**EXERCISE DIRECTIONS:**
Skip pictures in the listing below; copy exactly the lines from the one with "unlocking the back door" through the one with "Jordan 4 Retro Frozen Moments (Women's)", inclusive.

**STUDY MATERIAL:**

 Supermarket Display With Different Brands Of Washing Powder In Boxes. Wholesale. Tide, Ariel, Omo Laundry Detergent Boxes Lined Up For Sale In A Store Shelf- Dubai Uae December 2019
--
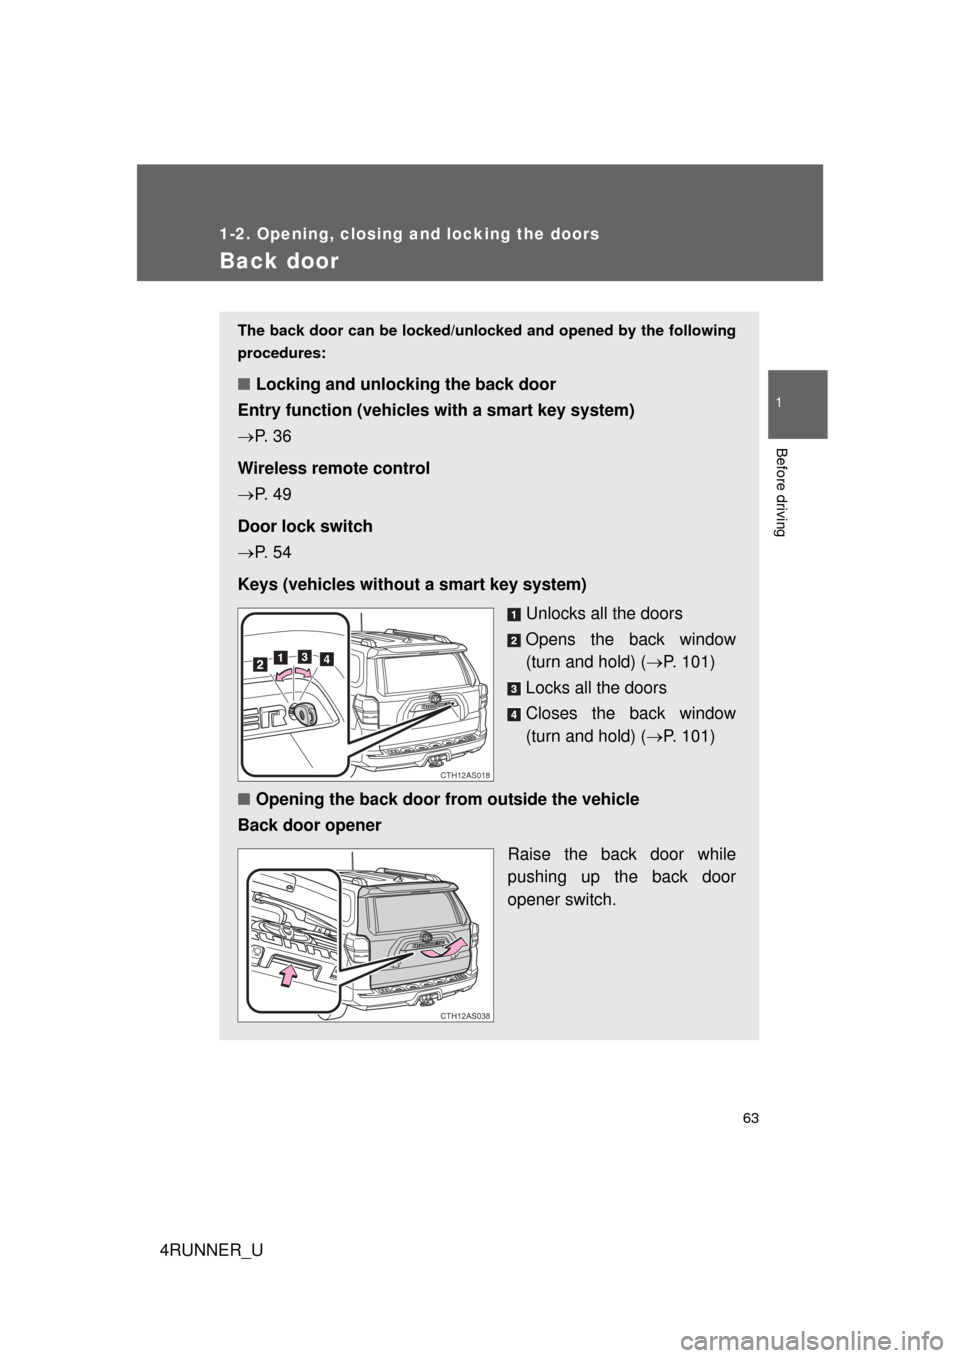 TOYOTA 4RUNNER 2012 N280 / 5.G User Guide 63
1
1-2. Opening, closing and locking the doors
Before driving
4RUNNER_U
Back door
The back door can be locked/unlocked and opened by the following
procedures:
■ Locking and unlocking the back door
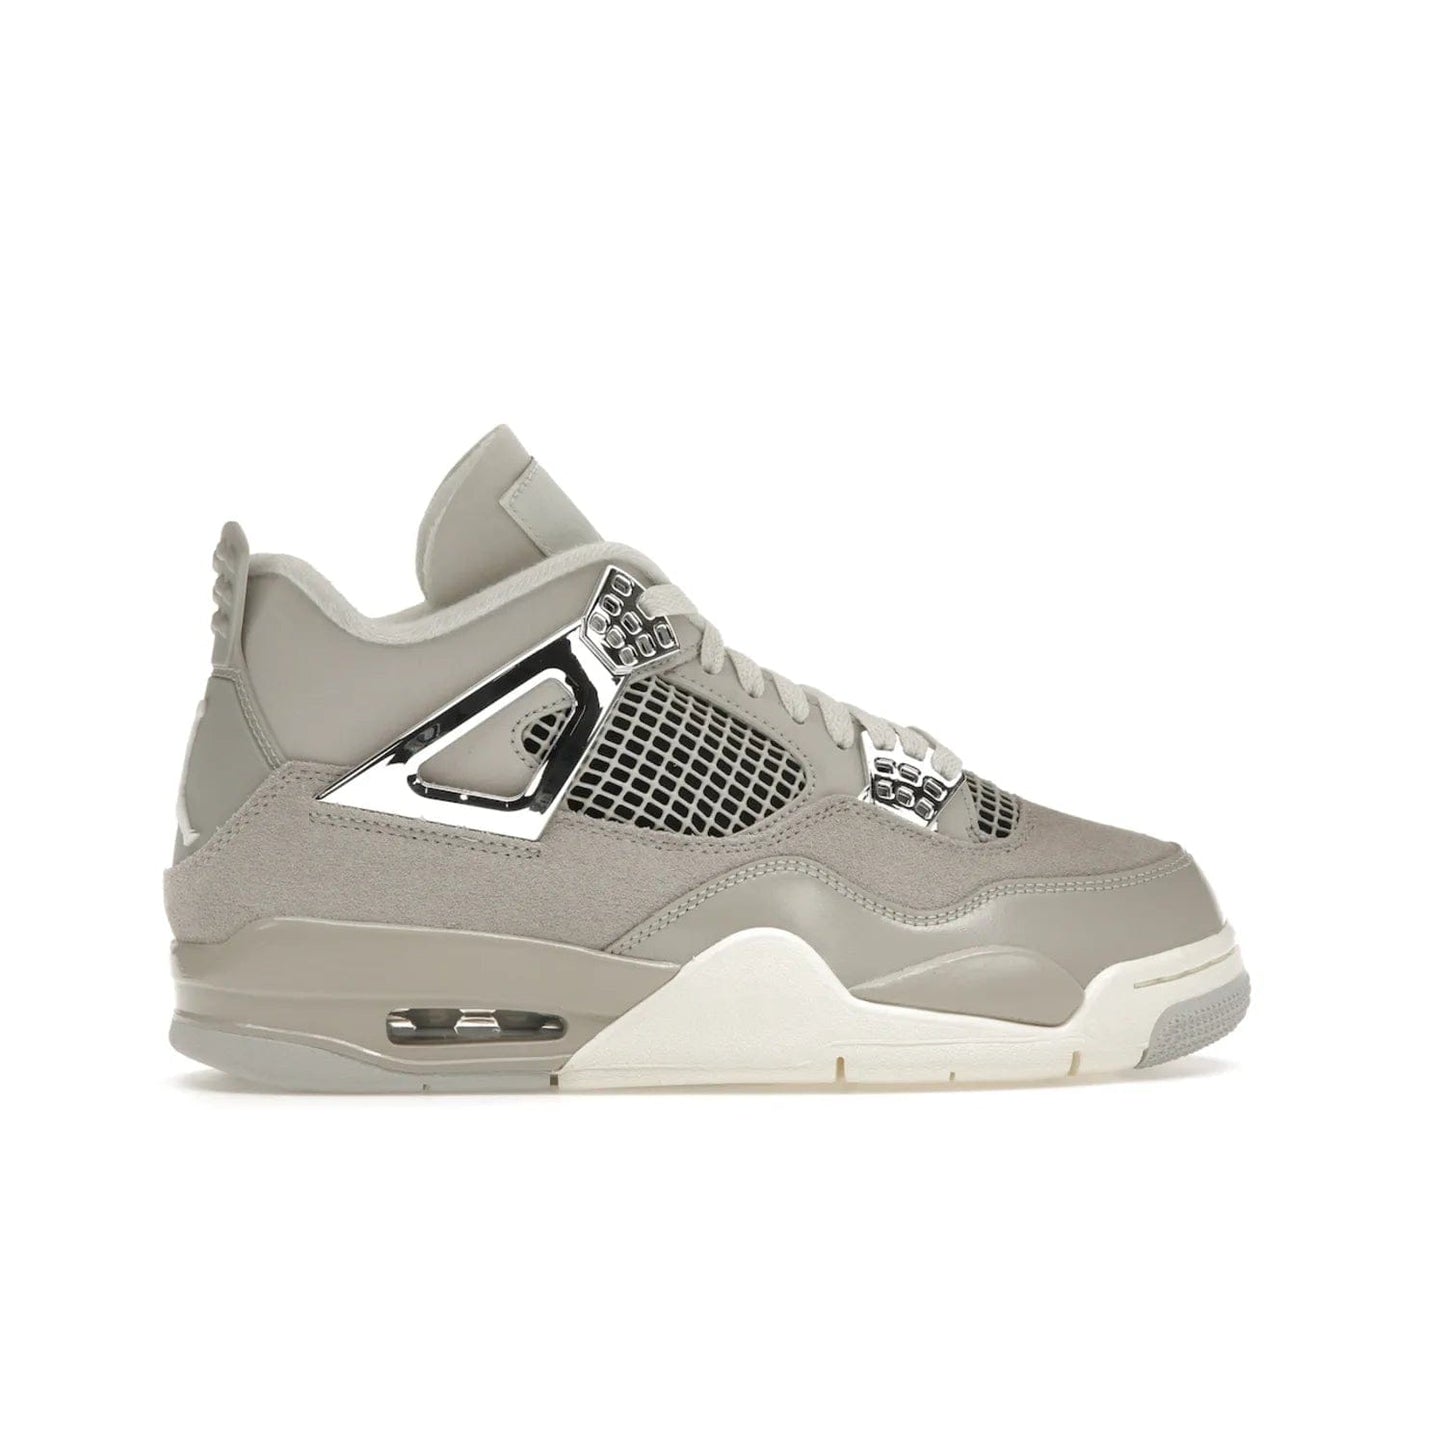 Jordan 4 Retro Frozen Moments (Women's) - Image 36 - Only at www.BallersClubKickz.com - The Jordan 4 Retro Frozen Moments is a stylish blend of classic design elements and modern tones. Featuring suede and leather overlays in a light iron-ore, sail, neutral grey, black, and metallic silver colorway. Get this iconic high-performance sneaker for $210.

**OUTPUT FOR THIS EXERCISE:**
■ Locking and unlocking the back door
 Jordan 4 Retro Frozen Moments (Women's) - Image 36 - Only at www.BallersClubKickz.com - The Jordan 4 Retro Frozen Moments is a stylish blend of classic design elements and modern tones. Featuring suede and leather overlays in a light iron-ore, sail, neutral grey, black, and metallic silver colorway. Get this iconic high-performance sneaker for $210.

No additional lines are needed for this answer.